[Data records]
——————————
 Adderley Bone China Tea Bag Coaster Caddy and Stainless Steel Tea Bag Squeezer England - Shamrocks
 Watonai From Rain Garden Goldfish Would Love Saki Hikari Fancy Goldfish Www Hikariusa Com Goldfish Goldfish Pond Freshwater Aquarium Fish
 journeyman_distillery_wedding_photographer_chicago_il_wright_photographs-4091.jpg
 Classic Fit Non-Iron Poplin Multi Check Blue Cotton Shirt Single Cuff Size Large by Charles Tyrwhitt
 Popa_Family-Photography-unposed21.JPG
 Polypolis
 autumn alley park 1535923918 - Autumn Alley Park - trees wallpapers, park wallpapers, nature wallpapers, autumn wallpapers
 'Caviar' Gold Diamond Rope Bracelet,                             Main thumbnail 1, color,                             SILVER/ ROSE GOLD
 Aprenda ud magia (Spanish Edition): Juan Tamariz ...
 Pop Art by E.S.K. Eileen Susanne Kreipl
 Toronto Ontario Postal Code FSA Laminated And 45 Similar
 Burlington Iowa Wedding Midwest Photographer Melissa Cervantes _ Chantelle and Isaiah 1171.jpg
——————————
## What is expected
Transcribe each entry. Leave nothing out.

## Result of this task
 Adderley Bone China Tea Bag Coaster Caddy and Stainless Steel Tea Bag Squeezer England - Shamrocks
 Watonai From Rain Garden Goldfish Would Love Saki Hikari Fancy Goldfish Www Hikariusa Com Goldfish Goldfish Pond Freshwater Aquarium Fish
 journeyman_distillery_wedding_photographer_chicago_il_wright_photographs-4091.jpg
 Classic Fit Non-Iron Poplin Multi Check Blue Cotton Shirt Single Cuff Size Large by Charles Tyrwhitt
 Popa_Family-Photography-unposed21.JPG
 Polypolis
 autumn alley park 1535923918 - Autumn Alley Park - trees wallpapers, park wallpapers, nature wallpapers, autumn wallpapers
 'Caviar' Gold Diamond Rope Bracelet,                             Main thumbnail 1, color,                             SILVER/ ROSE GOLD
 Aprenda ud magia (Spanish Edition): Juan Tamariz ...
 Pop Art by E.S.K. Eileen Susanne Kreipl
 Toronto Ontario Postal Code FSA Laminated And 45 Similar
 Burlington Iowa Wedding Midwest Photographer Melissa Cervantes _ Chantelle and Isaiah 1171.jpg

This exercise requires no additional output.